6.1.1.3 Les services offerts : deux discours contradictoires

Les résultats montrent une satisfaction générale quant aux services reçus à l’école. Toutefois, des discours contradictoires entre les participants et, parfois chez un même participant, ont été soulevés. Certains sont heureux d’avoir reçu des services alors que d’autres sont heureux d’en avoir peu reçu.

Ceux qui ont adopté le premier discours ont reconnu les effets positifs de l’aide qui leur a été offerte durant leur formation primaire et secondaire. Même que plusieurs d’entre eux auraient souhaité recevoir plus de services pour pallier les difficultés, et ce, plus tôt durant leur formation. C’est pourtant aussi ce que visait la Politique de l’adaptation scolaire

(1999) sur la prévention des difficultés. Pour ces personnes, ne pas recevoir de l’aide, ou recevoir une aide inadéquate, peut nuire aux chances de réussite.

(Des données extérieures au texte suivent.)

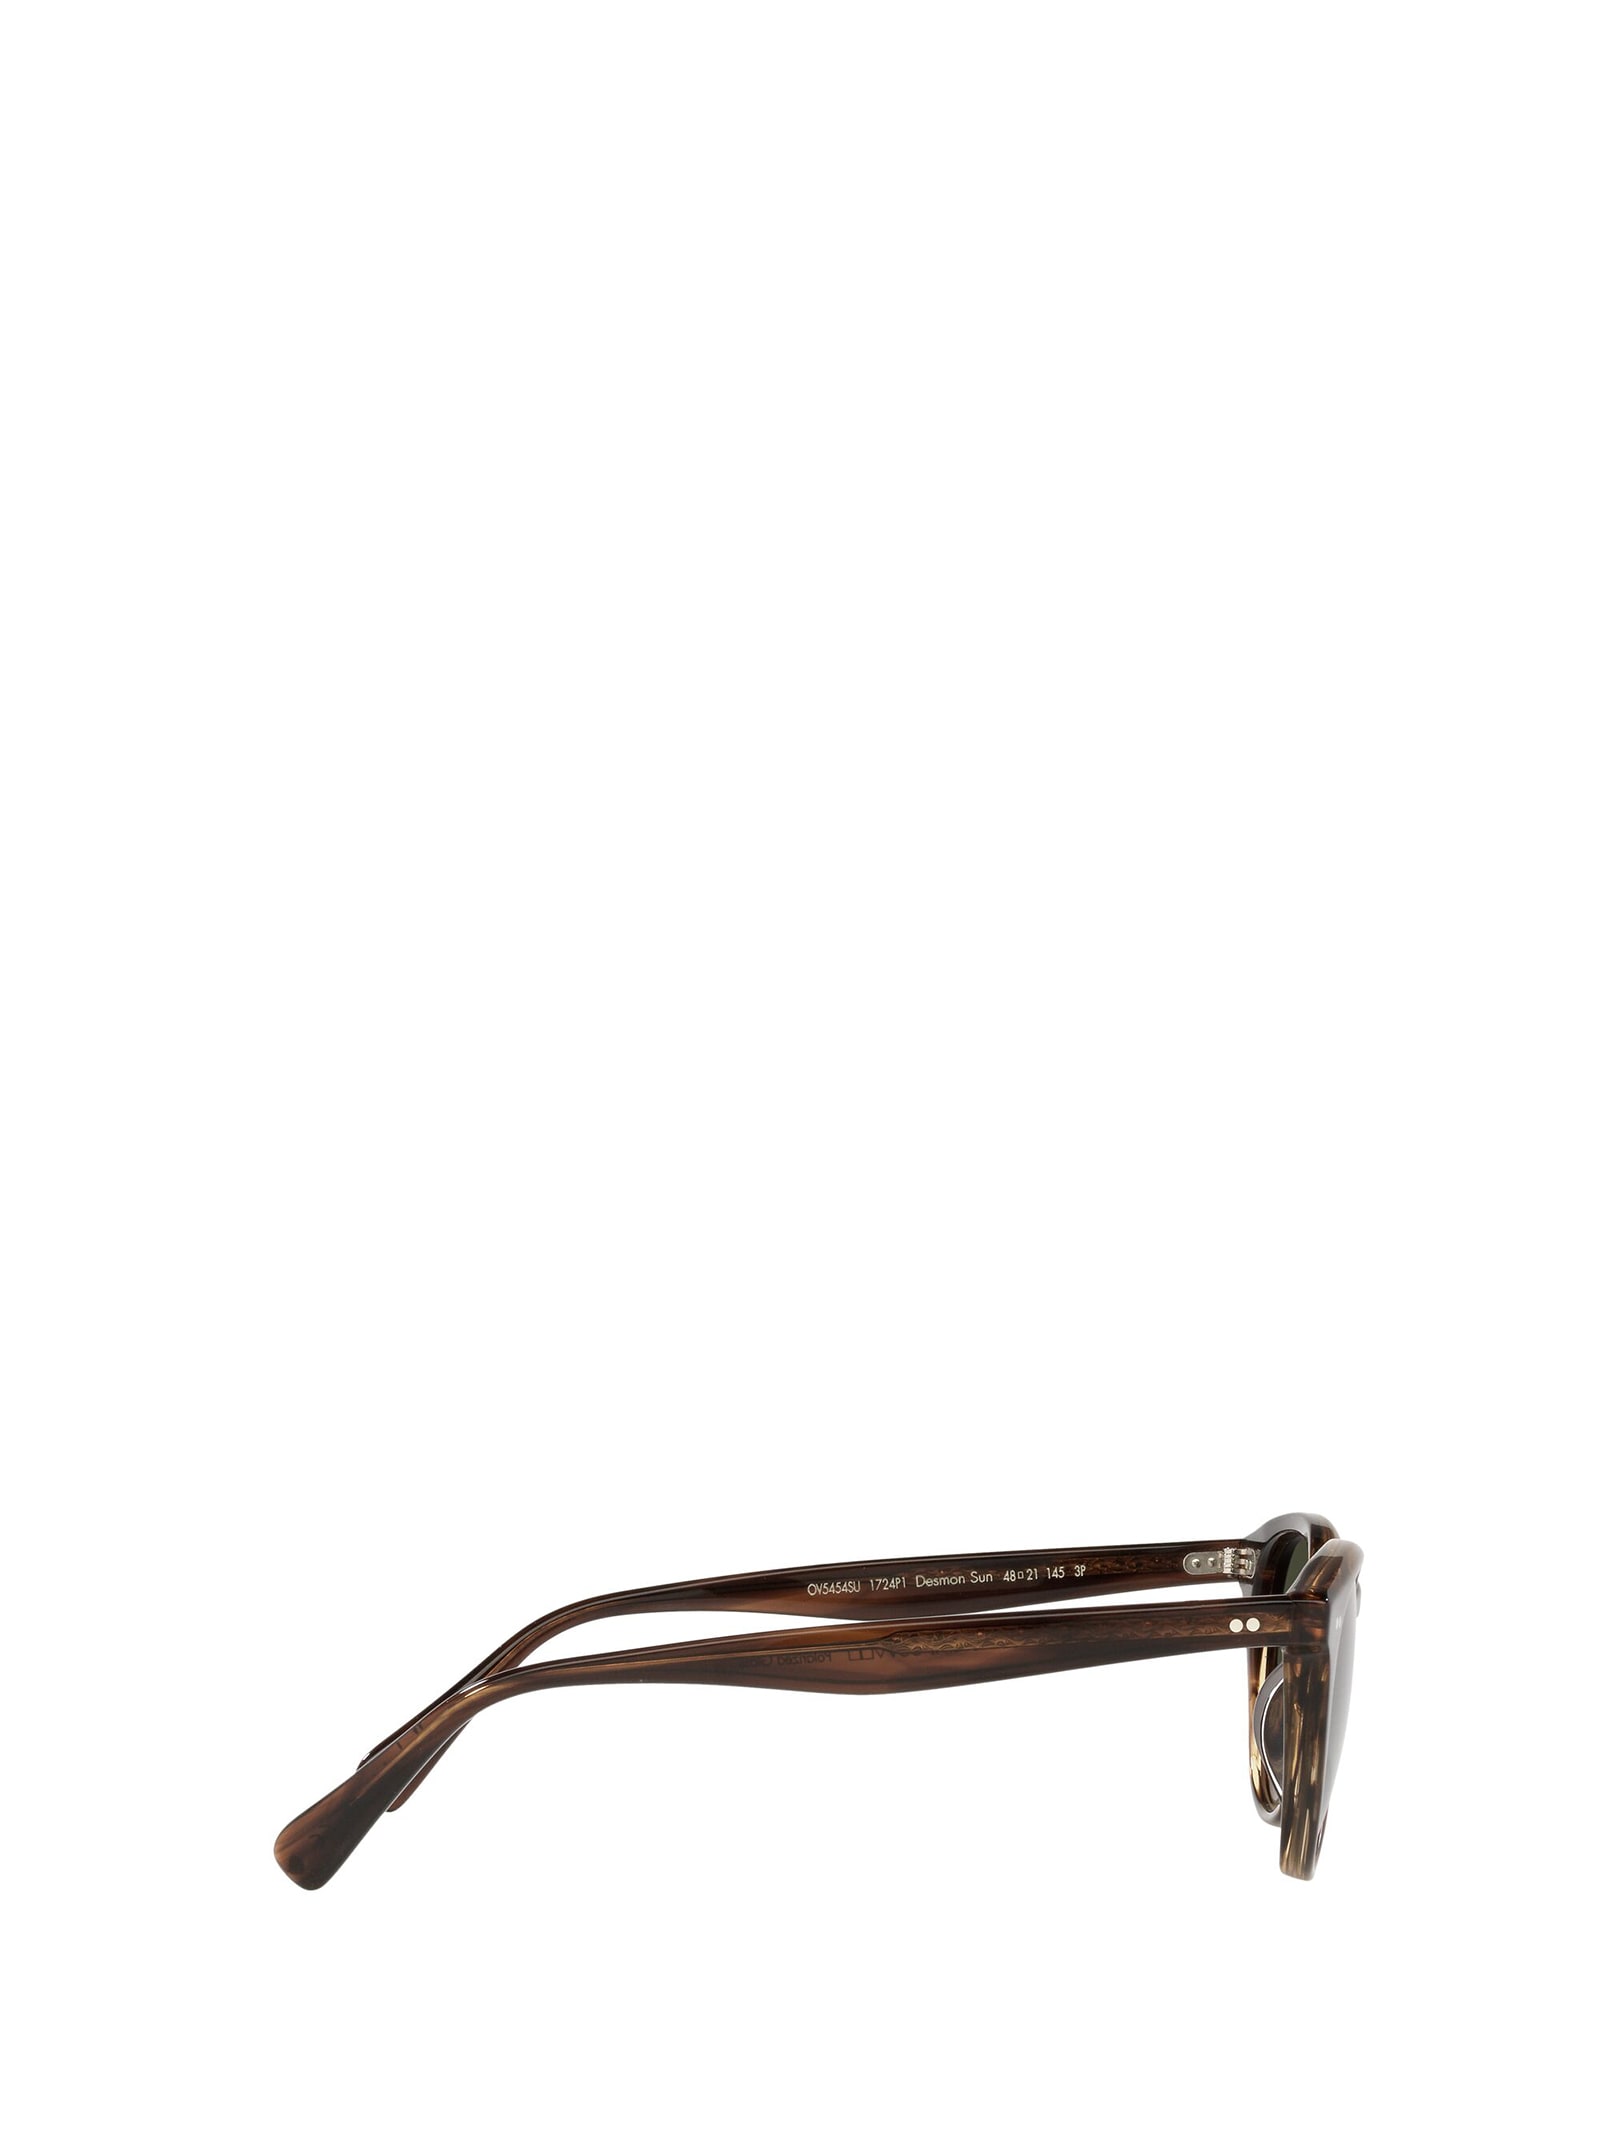 Shop Oliver Peoples Ov5454su Tuscany Tortoise Sunglasses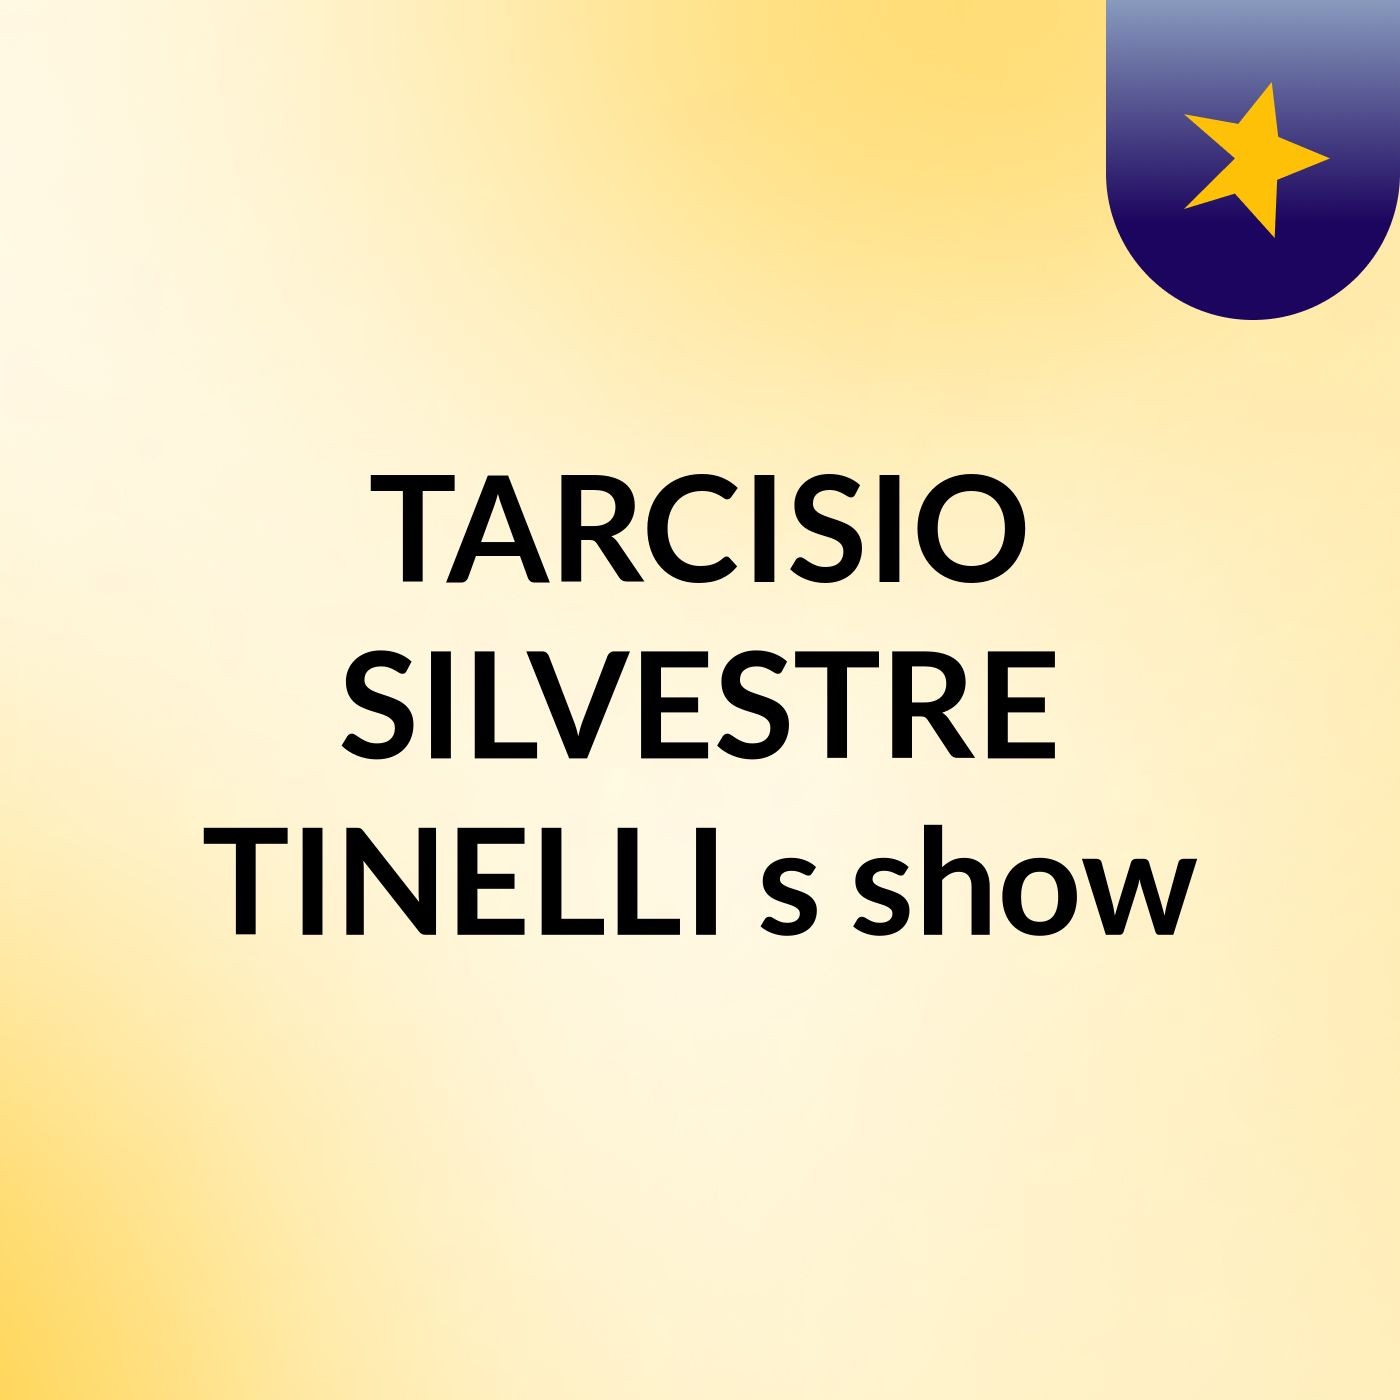 TARCISIO SILVESTRE TINELLI's show

Les participants qui tiennent le deuxième discours ont adopté davantage de comportements de persévérance durant leur formation, démontrant plus souvent un profil résilient (Goldberg et al., 2003 ; Martin et Marsh 2006). Ce sont en majorité des hommes qui ont tenu ce discours : « si j’avais voulu mettre les efforts, j’aurais pu réussir », ce qui dévoile une plus grande confiance en leurs capacités. Ils se sont montrés heureux de ne pas avoir reçu de services plus tôt, par crainte de « devenir lâche », ou parce qu’ils croyaient que c’était de leur responsabilité de mettre les efforts nécessaires pour réussir. Plusieurs études

(Chouinard et al., 1999 ; Seidah et al., 2004 ; Wigfield et Eccles, 1994) ont aussi montré

que les hommes avaient tendance à avoir une perception de compétence plus élevée que les femmes, voir à surestimer cette compétence même s’ils ont de plus faibles résultats scolaires.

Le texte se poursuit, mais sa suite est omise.